Imidacloprid targets the nervous systems of invertebrates, such as fleas and ticks, causing damage and eventual death. Flumethrin works much the same way, impeding normal nerve function in fleas, ticks, and lice. However, the presence of this chemical also deters ticks from climbing into your pup’s coat when out on a walk, playing, or hunting.
Because of the way these chemicals are distributed throughout the natural oils in your cat’s coat, fleas and other pests come into contact with them almost instantly — no biting required.
I was especially pleased about this.
How did it work?
It’s 80 degrees here in Portland, OR as I write this (Aug. 17, 2022) and Vicious, has been asleep at my side for the past 4 days. She’s barely moved. I’ve been bringing all of her food to her, she’s pooped once, and peed twice.

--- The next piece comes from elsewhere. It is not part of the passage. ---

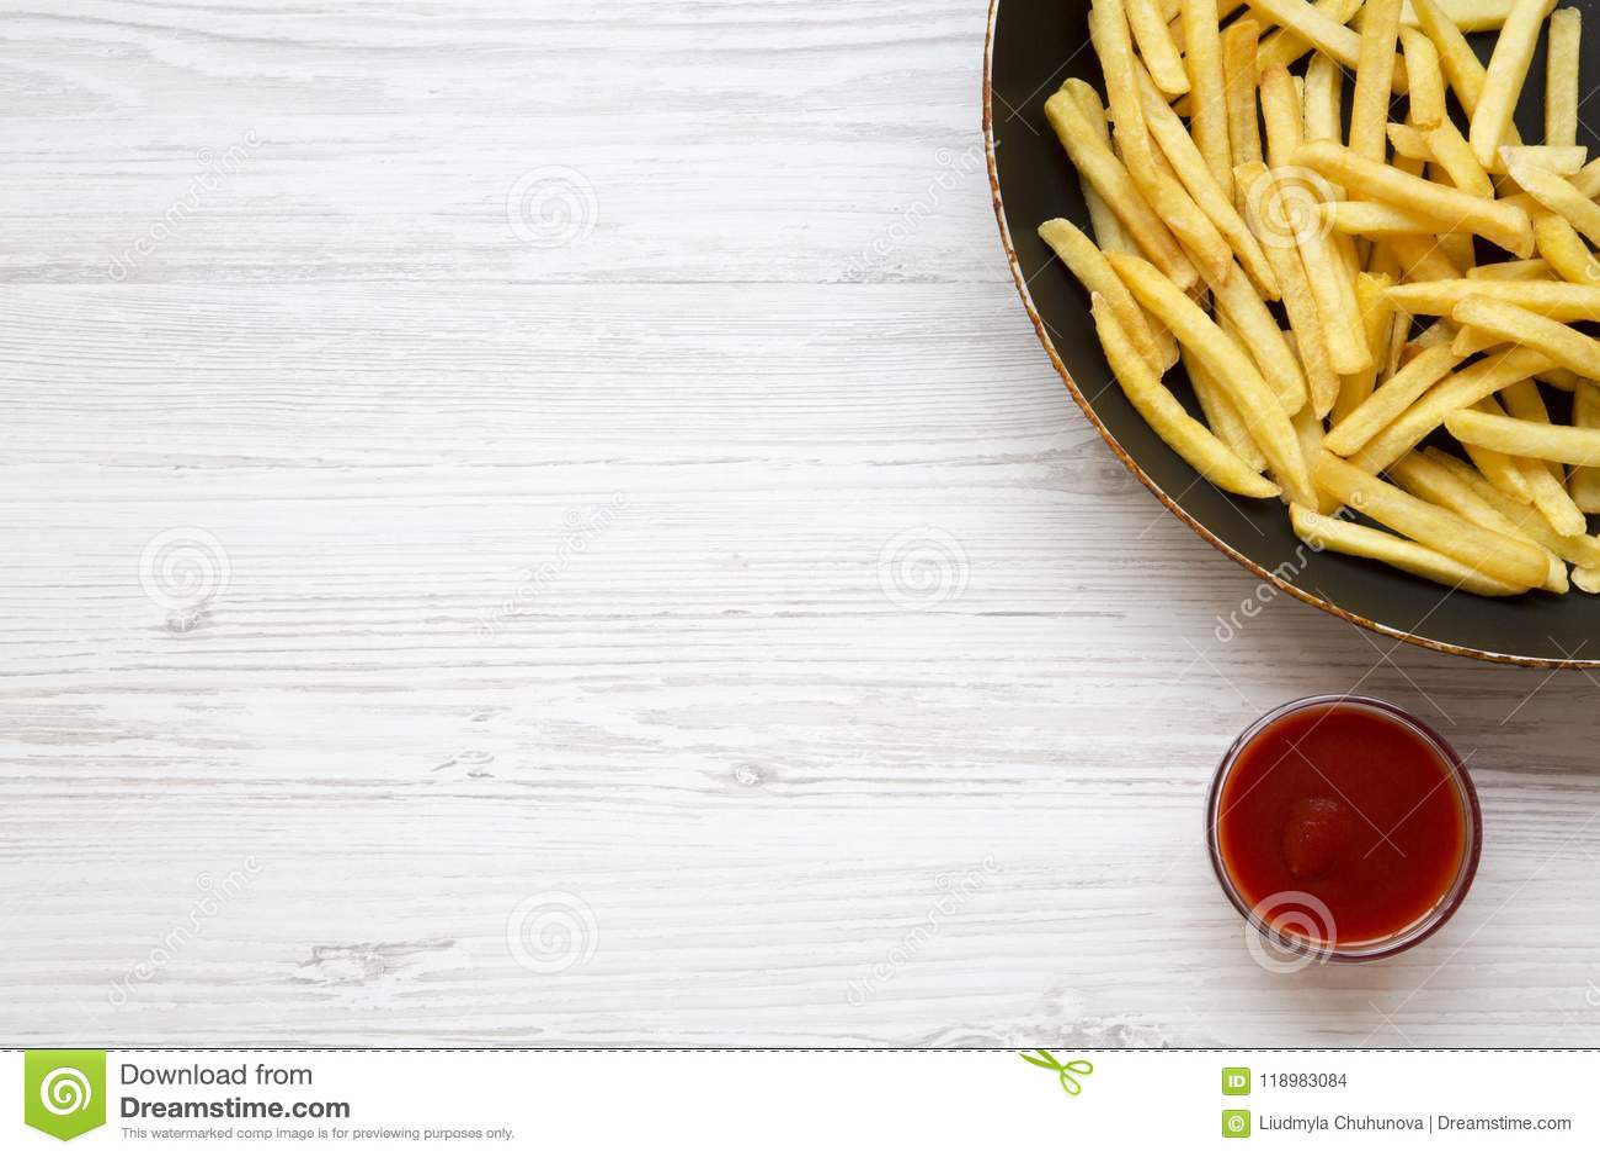 Pommes-Frites in einer Bratpfanne mit Ketschup auf einem weißen Holztisch, Draufsicht

That’s it. I put the collar on Vicious’ neck — no drool. I waited another 10 minutes — no foaming at the mouth. Twenty minutes — she was in a great mood but still scratching. It took exactly two and a half hours, but she finally stopped scratching and fell asleep sitting up. After she fell over, she joined me on the couch, and that’s where she’s been ever since. No scratching. No biting. No wailing. Just licking and purring. She’s finally and completely relieved. I have not seen one flea on her since we put the collar on.
Whether I pay $65 or $90, this collar seems completely worth the money and seems to be the one flea collar that’s strong enough to work, but gentle enough for my tiny little kitty.
I do not know if this collar is safe for kittens. Usage is generally determined by the weight of the cat (or dog).
Counterfeit Seresto Flea Collars:
I mentioned that the Seresto collars bought online are very often counterfeit, and highly poisonous if not deadly. They are often sold on Amazon or eBay. Please purchase your Soresto flea collars from only reputable online providers, or visit your neighborhood pet store, like Petco or PetSmart.